Add one decorator to any Metaflow step and get an interactive flamegraph card in the UI.
When a Metaflow step is slow or runs out of memory, finding the cause means adding profiling code, re-running locally, deciphering cProfile tables, and correlating a separate top session — all before you can start actually fixing anything.
@profile_card wraps any step with a single decorator. It captures the CPU call tree, memory allocations, and system resource usage, then renders a self-contained interactive card directly in the Metaflow UI — visible even when the step crashes.
pip install metaflow-profiler[pyinstrument]from metaflow import FlowSpec, step
from metaflow_extensions.profiler.plugins.profile_decorator import profile_card
class MyFlow(FlowSpec):
@profile_card(profiler="pyinstrument")
@step
def train(self):
# ... your heavy computation ...
self.next(self.end)
@step
def end(self):
pass
if __name__ == "__main__":
MyFlow()python flow.py run
python flow.py card view --id profile_card_trainDuration, sample count, peak/avg CPU, peak/avg memory — plus disk I/O, network, and GPU stats when present. Stat cards appear automatically and hide when zero.
Every function call is a coloured block; width represents time spent.
Search highlights matching frames across the whole tree while dimming everything else — useful for tracking down a specific function across multiple call paths.
Click to zoom into any frame. A breadcrumb trail lets you navigate back up the call stack.
When memray is installed (pip install metaflow-profiler[memray]), a second flamegraph shows which functions allocated the most memory at peak RSS, in MB.
Dual-axis time-series charts polled every 500 ms throughout the step.
- Resource Timeline — CPU % (left axis) and RSS memory in MB (right axis)
- I/O Timeline — Disk read/write MB/s (left axis) and network recv/sent MB/s (right axis)
Both charts share the same time axis so you can correlate spikes across metrics.
The cprofile backend uses Python's built-in profiler — no extra dependencies. It captures every function call so sample counts are much higher. The flamegraph is otherwise identical.
The card renders even when the step raises an exception — it shows the full profile up to the point of failure with a red banner at the top.
| Backend | Install | Overhead | Notes |
|---|---|---|---|
pyinstrument |
pip install metaflow-profiler[pyinstrument] |
~1% | Statistical; recommended |
cprofile |
(built-in) | Medium | Deterministic; captures every call |
| Extra | Install | Adds |
|---|---|---|
memray |
pip install metaflow-profiler[memray] |
Memory allocation flamegraph |
gpu |
pip install metaflow-profiler[gpu] |
GPU utilisation % + GPU memory timeline |
all |
pip install metaflow-profiler[all] |
Everything above |
@profile_card decorator
↓ starts backend in task_pre_step, stops in task_post_step / task_exception
Card renderer (ProfileCard)
↓ reads artifact, renders self-contained HTML
Backend registry
↓ picks best available backend
Backend implementations (pyinstrument / cprofile)

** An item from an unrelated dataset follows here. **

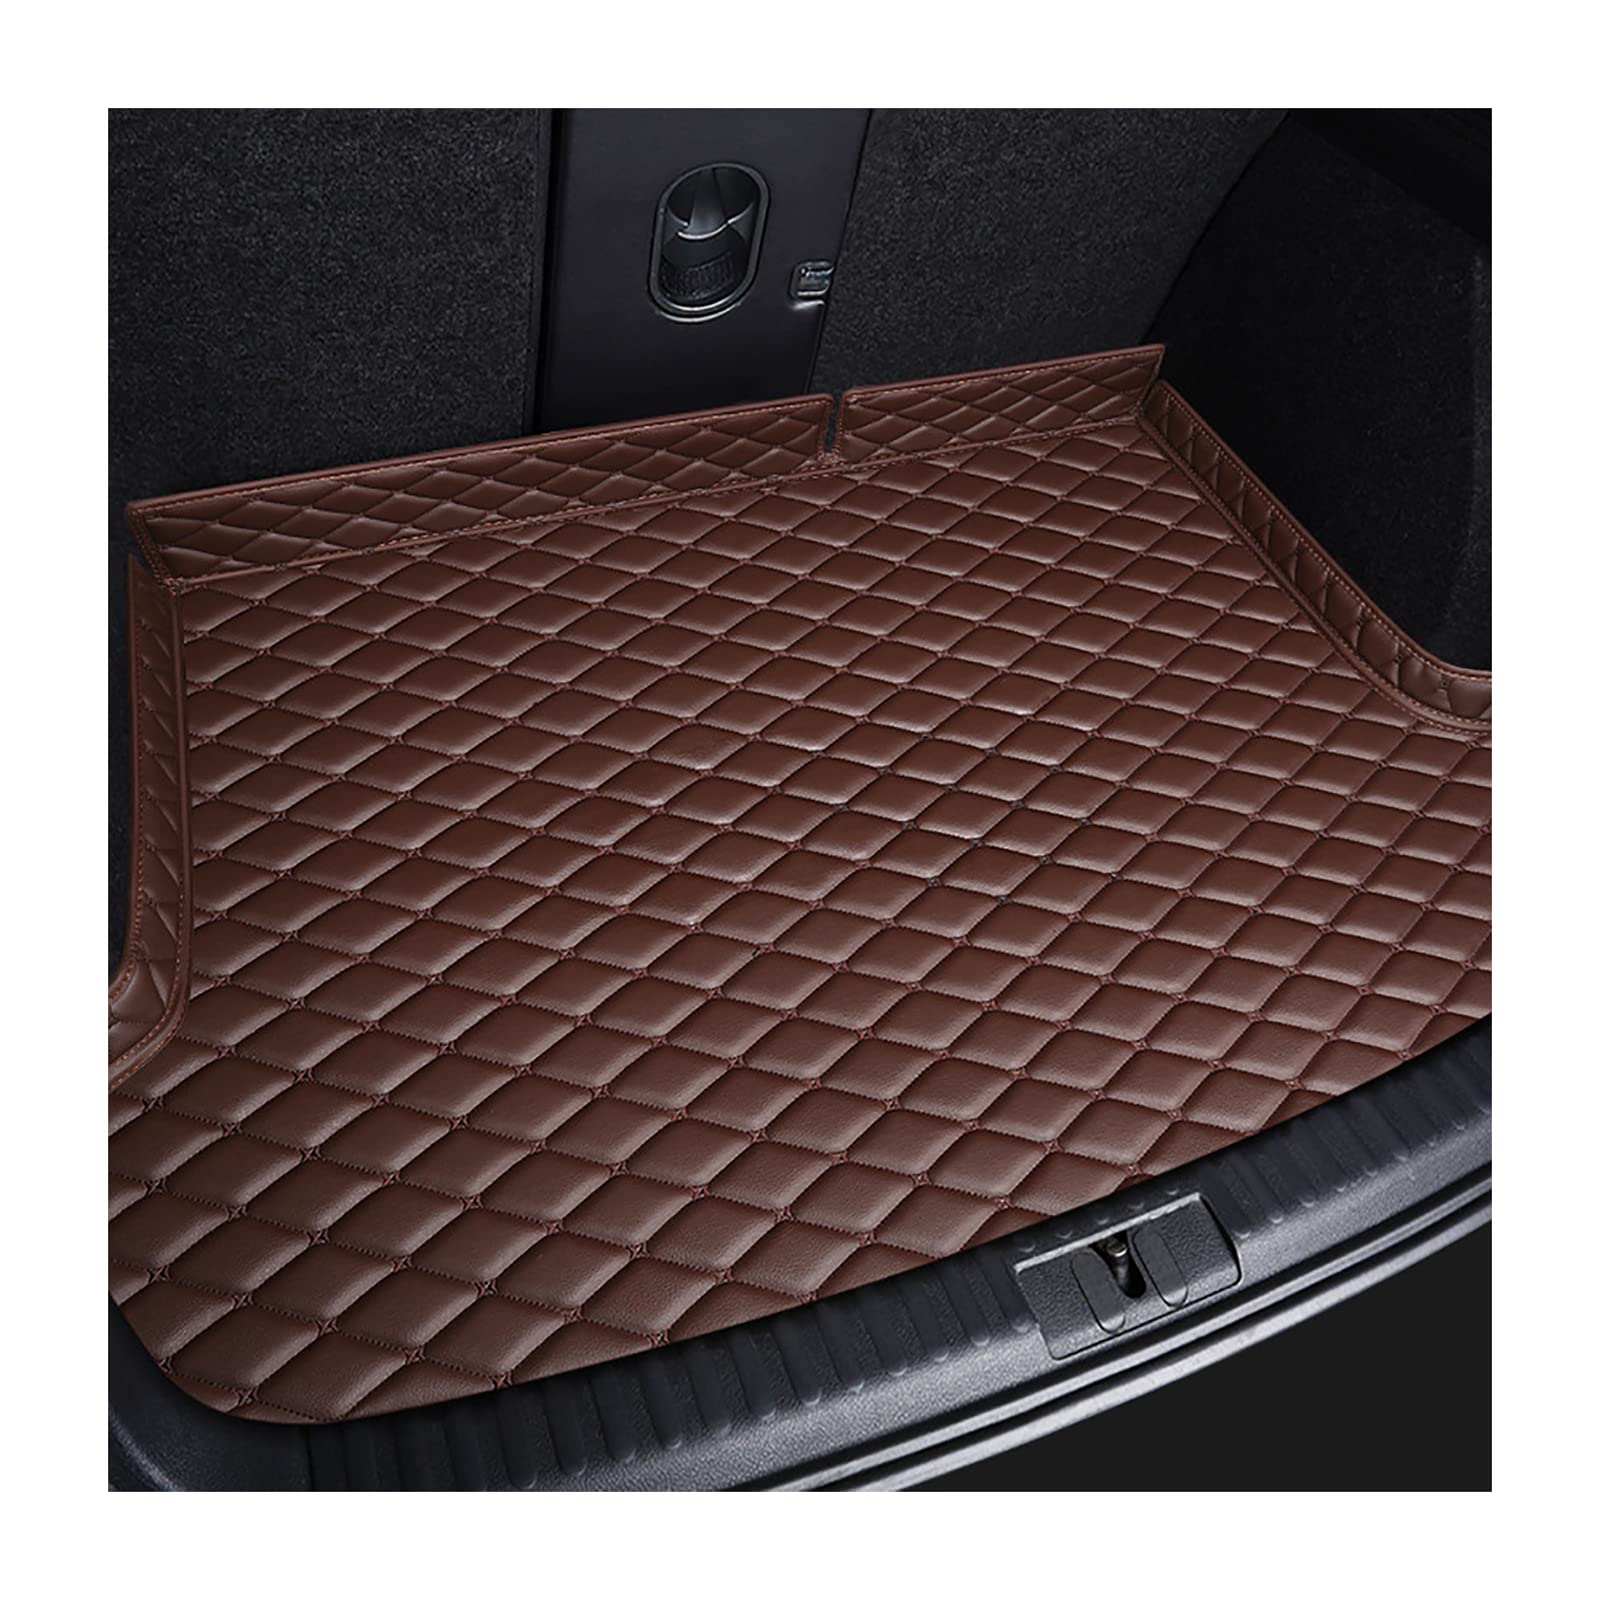 Car Boot Protection Mat mit Erhöhtem Rand, Kompatibel mit Audi A5 4 door 2010-2016, Boot Protector Boot Mat Accessories,5-Coffee von YPGHBHD

↓ wraps _TimelineCollector (psutil) + _MemoryTracker (memray)
Abstract interface (ProfilerBackend / ProfileData)
No upward imports between layers — enforced by structural tests.
git clone https://github.com/npow/metaflow-profiler
cd metaflow-profiler
pip install -e ".[pyinstrument,dev]"
# Lint + type check
ruff check src/ tests/
mypy src/
# Tests
pytest tests/unit/
pytest tests/structural/ -m structuralApache 2.0 — see LICENSE.